От года до четырнадцати.

Генрих Гринберг рос красивым и как положено еврею, умным мальчиком, Но каким бы гениальным он ни был, Генрих учился в обычной советской школе. Среди обычных советских детей.
Так же, как и они он гонял мяч, прыгал, бегал, не хотел заниматься музыкой, хотя мама его заставляла каждый день подходить к замечательному чешскому инструменту фирмы «Petroff», но ребенок на дух не переносил музыки. Ему не нравилась скрипка, купленная папой у какого-то антиквара, его воротило от гитары, он терпеть не мог Чайковского и Бетховена, Паганини, Когана и Хейфеца. Единственное, что утешало мать, это то, что непутевый сын, обожал математику. Он ей не занимался как положено, десять минут и все задания выполнены. Юный Генрих даже не задумывался над тем, как правильно решить те или иные уравнения или задачи. Он как бы видел решение сразу, шел к цели наикратчайшим путем. На уроках математики ему было скучно и неинтересно и учитель, Евгений Борисович Слуцкер, нашел выход из сложившейся ситуации. Он просто давал ребенку решать другие задачи. В шестом классе он давал Генриху задачи за восьмой класс, а в восьмом, задачи курса университета. Тем самым учитель получал двойную пользу. Генрих Гринберг повышал свой математический уровень, а с другой стороны не мешал никому в классе.
Но не за это ценили Генриха одноклассники, точнее сказать мужская половина класса. Не зато ценили Генриха все мальчики школы, начиная с пятого и заканчивая выпускным классом.

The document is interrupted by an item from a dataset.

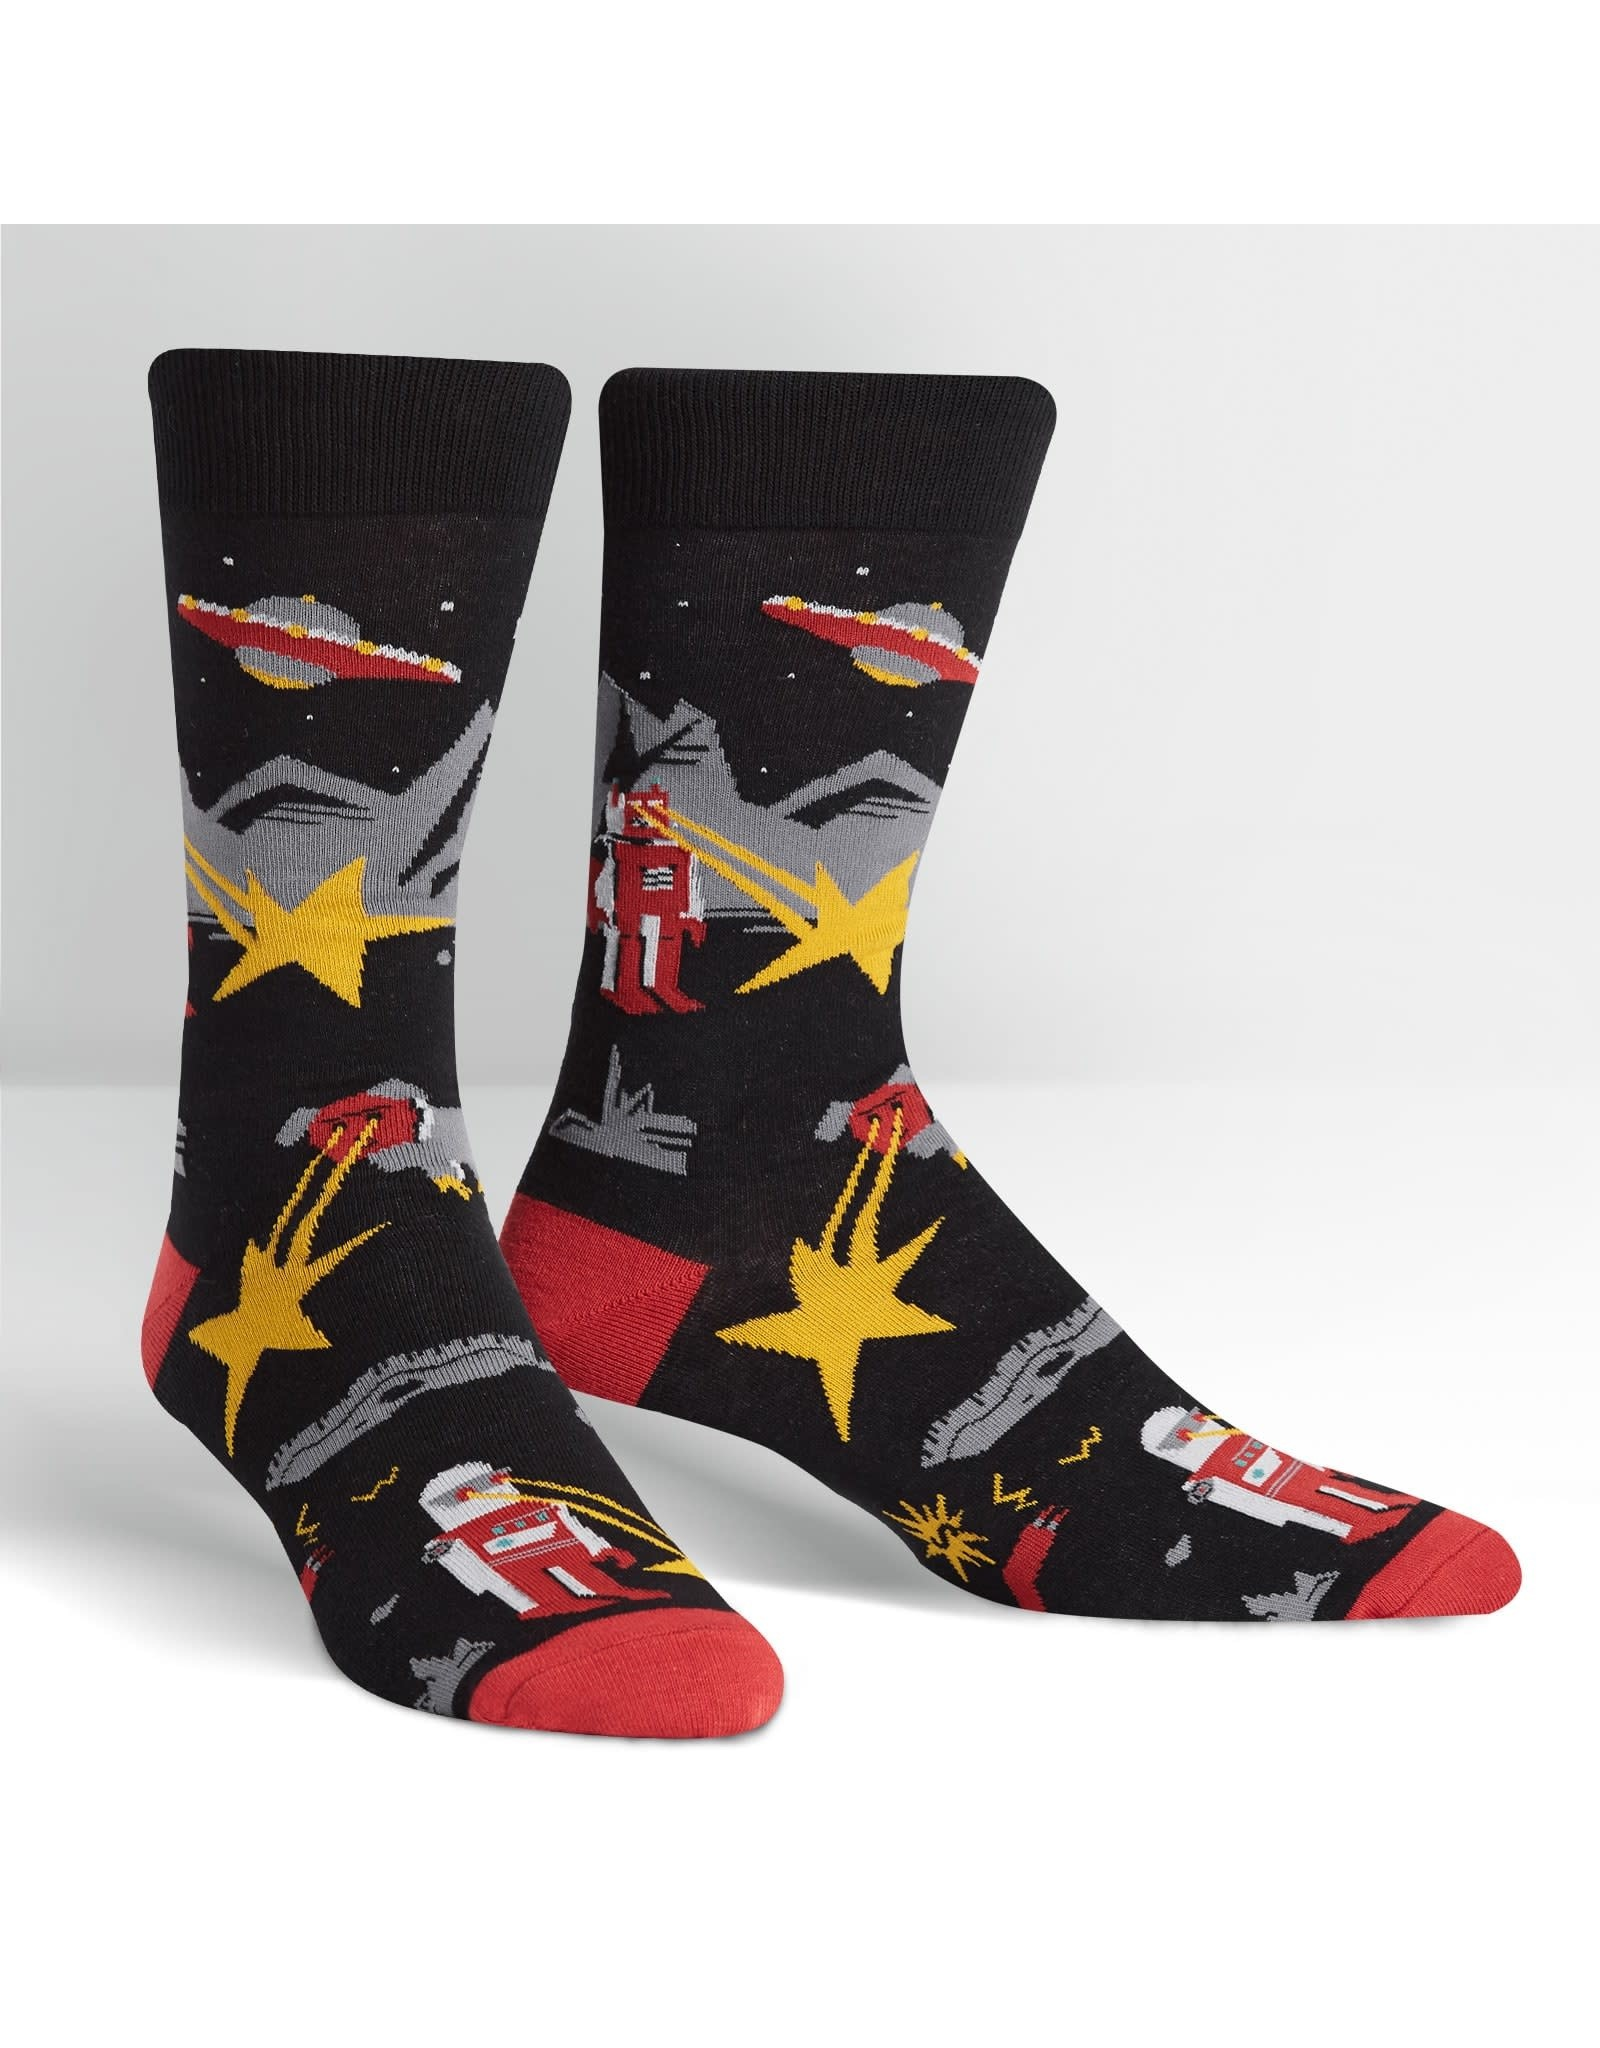 SOCK IT TO ME - Men's Zap! Zap! Crew Socks

Математиков сколько хочешь на планете, и в школе их навалом, конечно не таких сильных, но математикой никого не удивишь. А вот принести, тайком утащенные у отца книги, по сексологии, строению женского организма, где очень много, много картинок, какие-то трактаты на немецком и английском языках, где подробно нарисовано, как, и главное, в каких позах можно заниматься сексом, все это принести в советскую школу, где сверстники перерисовывали картинки, фотографировали целые страницы, принесенным для этих целей фотоаппаратом «Смена», вот это подвиг, вот за это Генриха любили и в обиду никто не давал. Генриха никто не бил и главное, никто никогда не назвал евреем, жидом, никто не намекнул на пятую Генрихову графу.

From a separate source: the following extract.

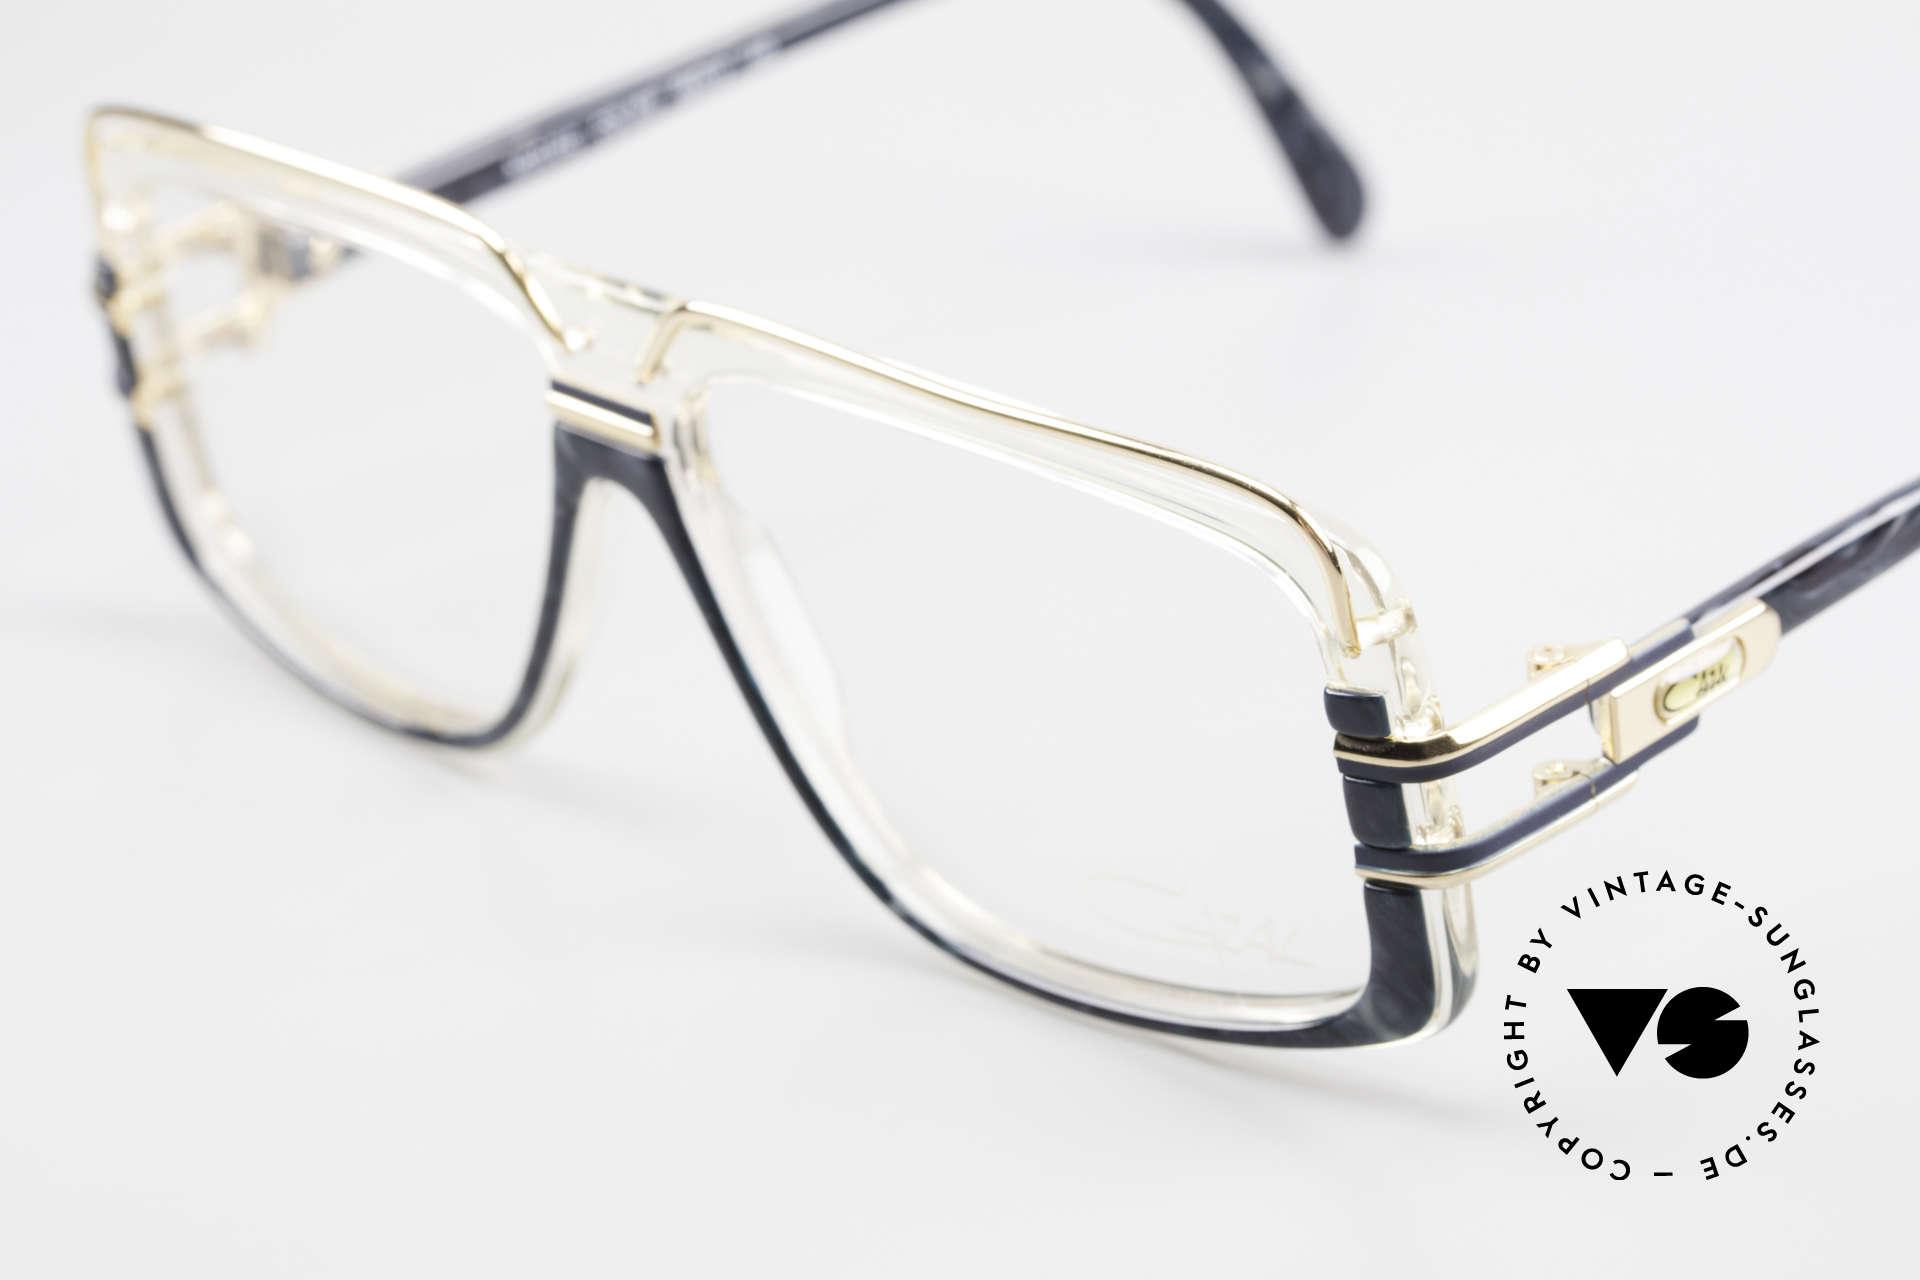 Cazal 640 80's Hip Hop Eyeglass Frame, crystal / gray-marbled frame with orig. DEMO lenses, Made for Men

Так, благодаря своему папе гинекологу, его сын Генрих Гринберг, приобрел в советской школе статус «ценного еврея».


От пятнадцати до семнадцати.

В комсомол Генрих вступил одним из первых. Это была своеобразная благодарность одноклассников за долгое снабжение их порнографическими, по их мнению, материалами. И когда, на классном часе, начали выбирать кандидатуры в члены ВЛКСМ, то имя Генриха прозвучало одним из первых. Для этого даже пришли несколько старшеклассников, которые рассказали всему классу, что Генрих, по их мнению, прекрасный человек, надежный друг, умеет держать данное слово и морально готов стать членом ленинского комсомола.
Еще через год, перед Генрихом стал вопрос о выборе профессии, нужно было определяться, какую специальность дальше получать.

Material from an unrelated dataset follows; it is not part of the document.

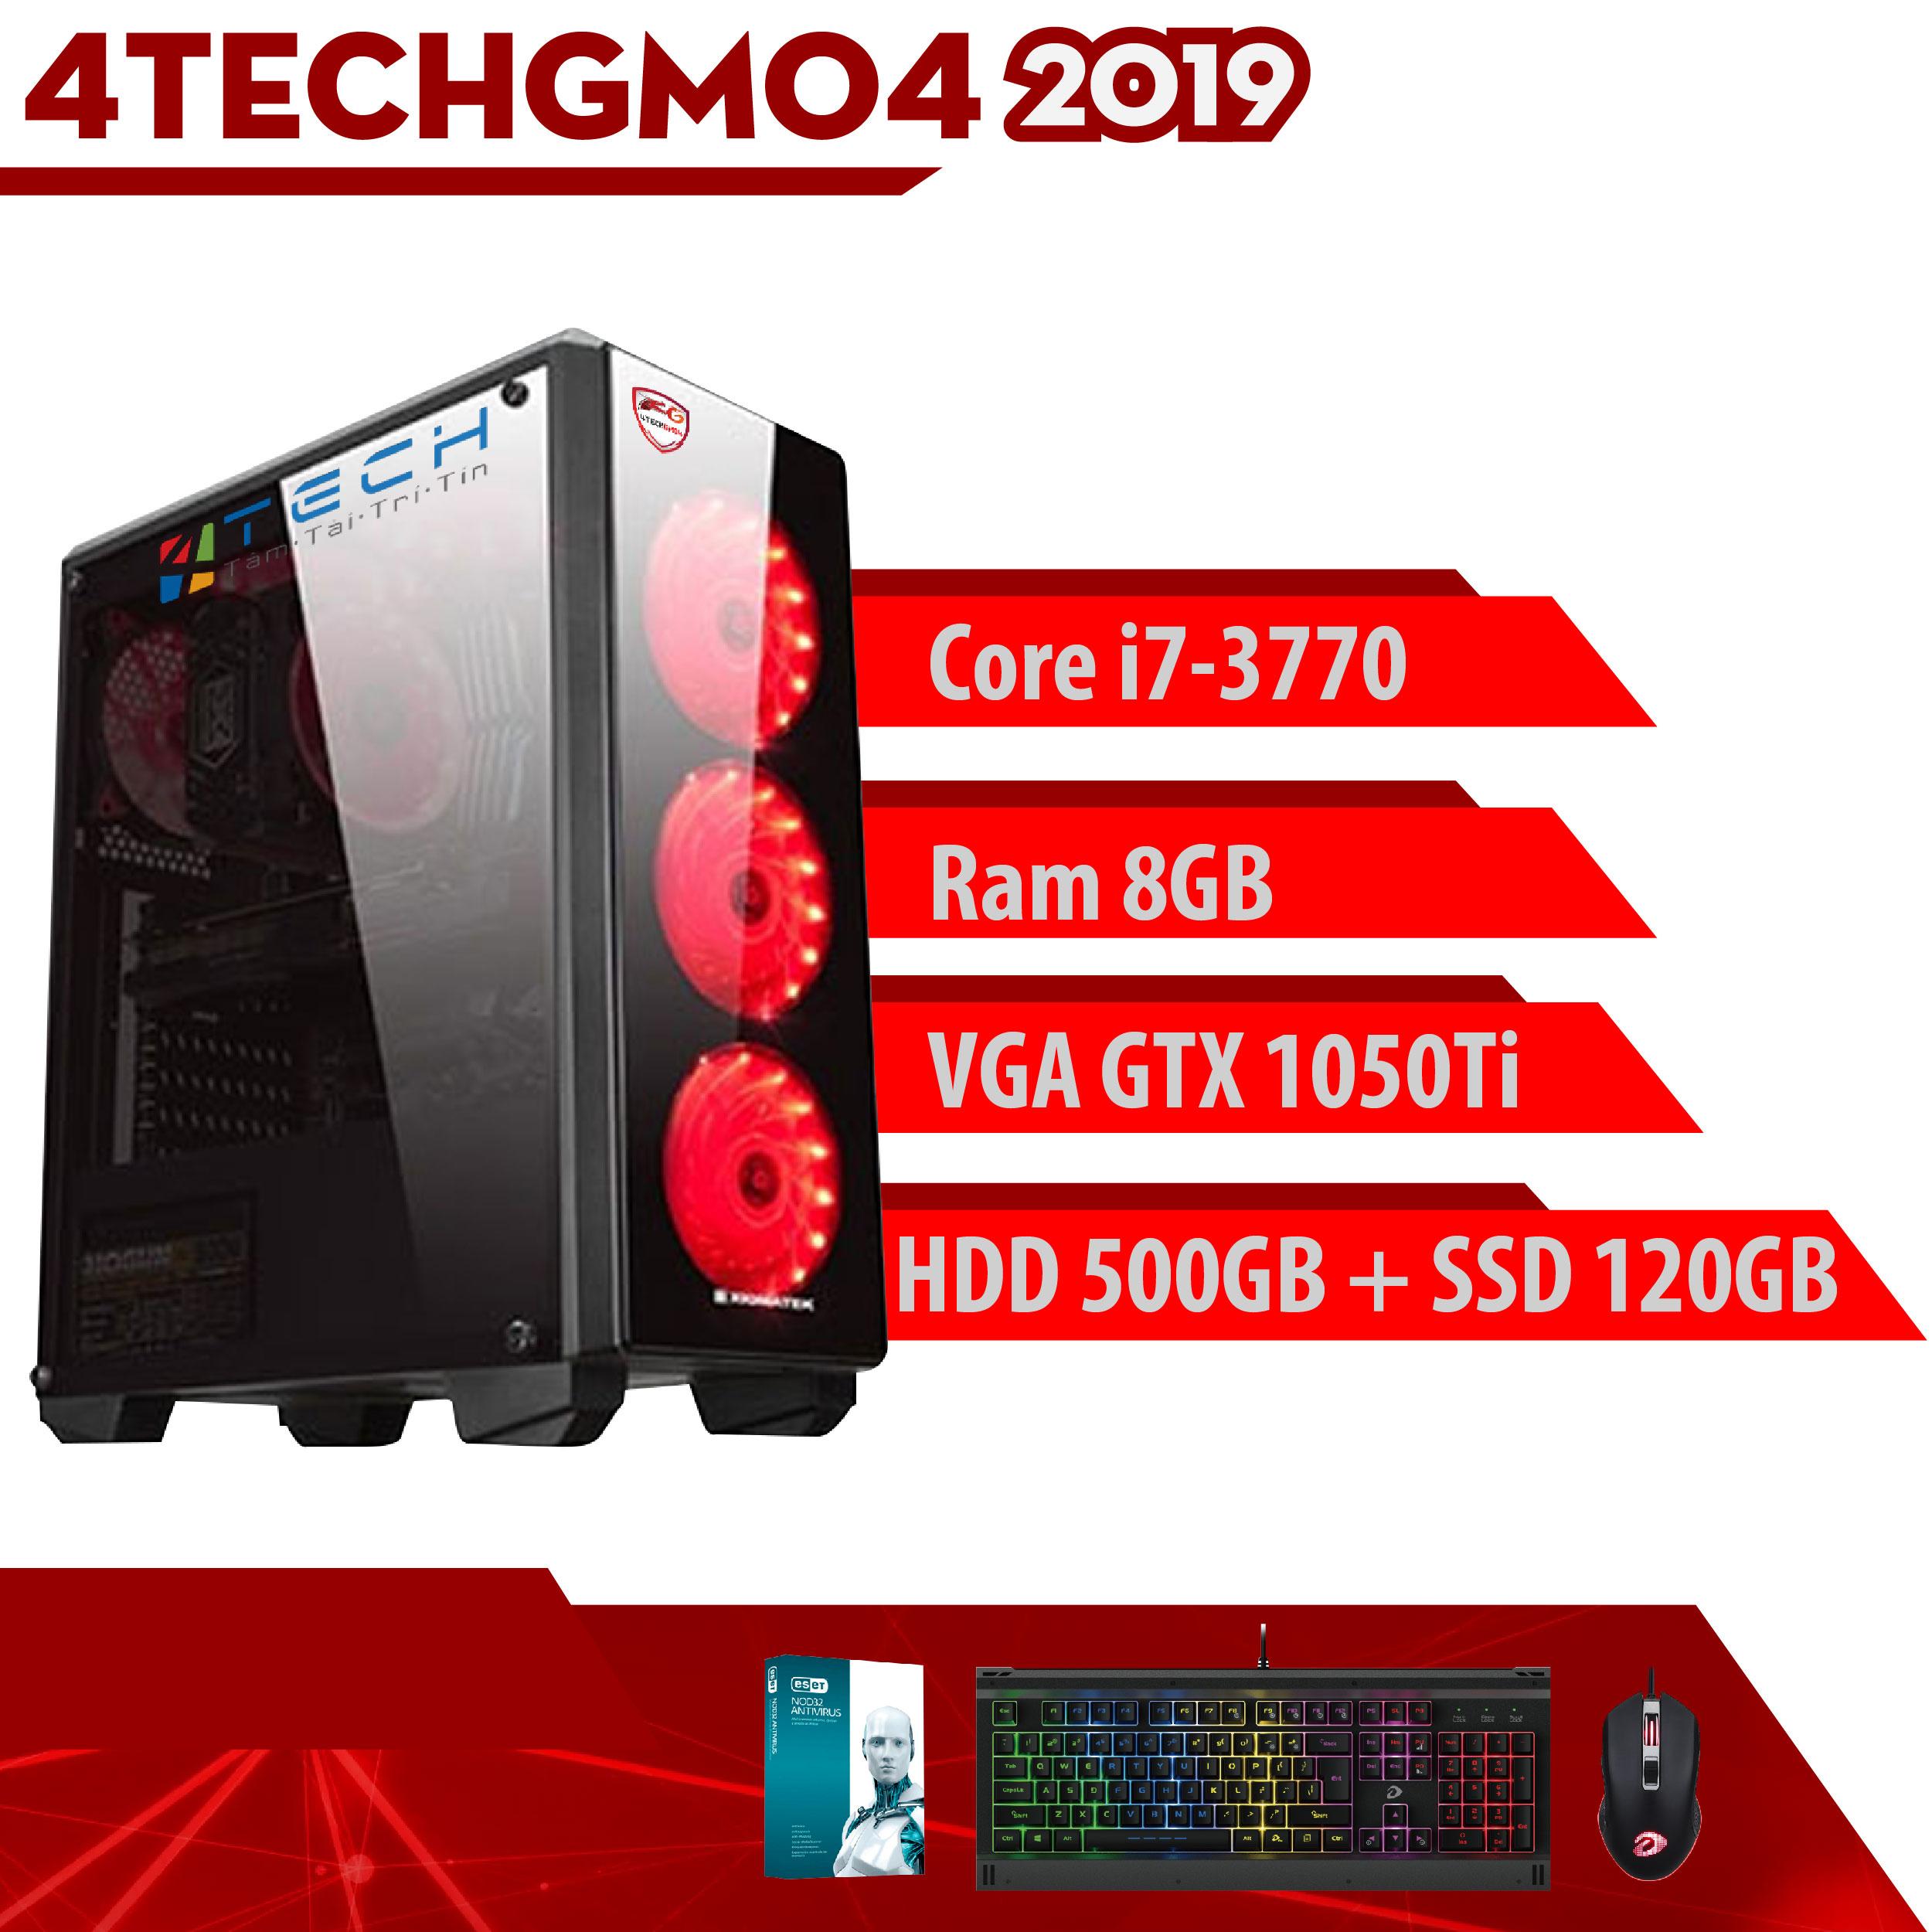 Desktop Computer PC Gaming 4TechGM04 2019, cây máy tính văn phòng cấu hình cao chơi Game, thiết kế đồ họa như máy trạm chuyên nghiệp dùng cho cá nhân, doanh nghiệp, Club Games dùng CPU Core i7 cho Render Video nhanh, không bị chậm, giật, lag. - Hàng Chính

Для Льва Исааковича такой вопрос вообще не стоял. К этому времени, когда кто либо говорил о, уже профессоре, Гринберге, обязательно добавлял эпитет «великий». Лев Исаакович твердо знал, что его сын закончив школу, будет учиться в медицинском, специализацию выберет сам, но будет работать врачом, как отец, как его дед, прадед и еще много других родственников....
Но у молодого Генриха были свои представления о будущей профессии. Он просто болел небом. Вся его комната была заставлена склеенными моделями военных самолетов, его совсем не интересовала медицина, он читал книги по истории авиации, сражениях последней войны, ходил на встречи с летчиками- ветеранами, но Генрих хотел быть не просто летчиком, а летчиком морской авиации. Небо и море! Что может быть прекраснее?
Родители сквозь пальцы смотрели на увлечение сына и спохватились только тогда, когда Генрих Львович Гринберг, за обедом, заявил родителям, что поступать он будет только в летное училище.
- Куда? – Переспросил отец и чуть не подавился куском фаршированного карпа.
- В летное училище, папа. Я хочу быть военным летчиком.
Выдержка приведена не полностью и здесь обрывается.